La fascination pour l’image n’est par nouvelle… elle rencontre d’abord son public chez les illettrés qui trouvent là un moyen de comprendre qu’ils n’ont pas dans le texte. Ils savent d’ailleurs que cela constitue pour eux une discrimination fondamentale. C’est probablement pour des raisons de cet ordre que l’image a autant de mal à avoir droit de cité dans nos établissements. Du coup l’image s’est souvent limitée à des lignes de textes, enrichies parfois, d’un croquis, d’un schéma, d’une photo. Les difficultés pour le cinéma et encore davantage pour la télévision d’entrer dans le champ de l’enseignement scolaire, à l’instar de l’image tient non seulement à cette réputation négative de facilité de compréhension, mais, et c’est totalement paradoxal à la polysémie de l’image fixe et encore plus animée, et désormais interactive.

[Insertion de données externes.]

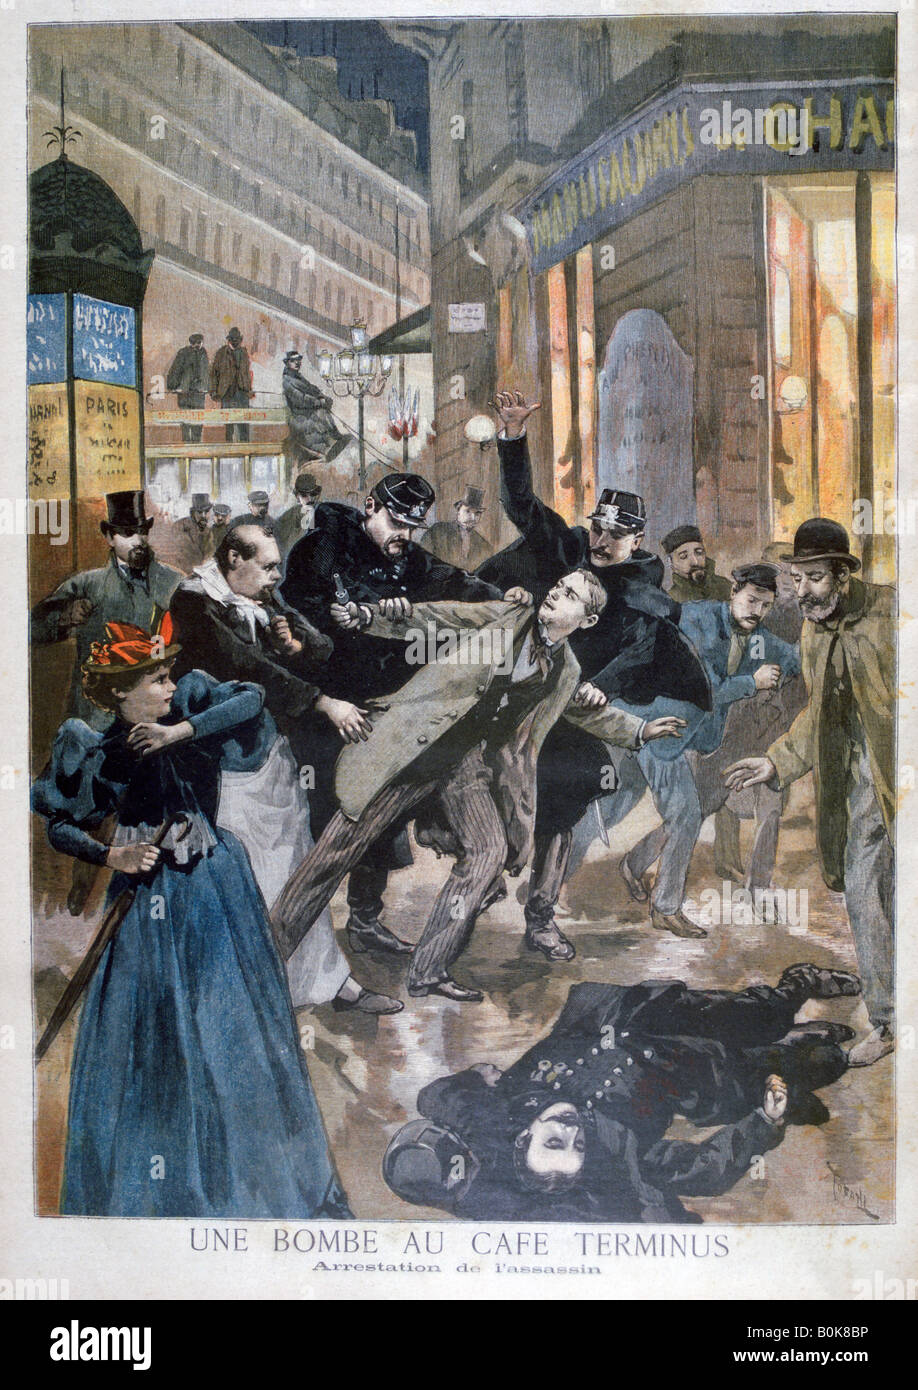 Arresto del Café Terminus bombardiere, Paris, 1894. Artista: Oswaldo Tofani Foto Stock

L’écrit c’est d’abord une image avant d’être des signes, des mots, des signifiants. Boris Cyrulnik rappelle l’importance de l’image dans notre cerveau, en particulier pour ce qui est du travail de la mémoire et surtout de la remémoration. Marqués que nous sommes par la place prise par l’écrit comme passage incontournable de l’apprentissage, en particulier scolaire (cf. Comenius, la grande didactique), nous avons oublié que l’usage de l’image, fixe animée, photographique ou dessinée et peinte, numérique ou analogique sont omniprésentes et sont, avec le langage oral, à la base de la socialisation humaine. Lire un livre en silence, voici l’injonction redoutable qui fait de la page écrite, l’écran premier de l’école.

On se rassurera en se disant que dans une salle de classe, en particulier d’école primaire, les murs sont couverts de documents de toutes sortes, images d’abord pouvant être texte aussi. Il est d’ailleurs intéressant d’analyser l’espace de classe en regardant ces affichages, cet environnement graphique des élèves. On y repère qu’en primaire le visuel graphique est encore très présent et que petit à petit, au cours de la scolarité, les murs des classes se vident, Tandis que pendant ce temps les écrans analogiques puis numériques ont envahit la vie quotidienne.

Ce qui caractérise l’évolution du monde scolaire actuel et qui se voit c’est la multiplication des écrans, parfois accompagnée de la diminution (souhaitée mais pas toujours réalisée) des quantités de papier consommés. Le photocopieur et autres imprimantes sont ces machines à fabriquer des écrans personnels que l’on pourra distribuer dans la classe. Cela se produira jusqu’au jour où l’écran papier sera réellement remplacé par l’écran numérique. On peu raisonnablement penser que le développement des tablettes numériques viendra abonder cette mutation, mais dans combien de temps ? Car nous n’en sommes qu’au démarrage, que les concepts évoluent et que l’engouement pour les Tableaux Blancs Numérique n’est pas terminé, malgré les déceptions d’usage dans de nombreux établissements…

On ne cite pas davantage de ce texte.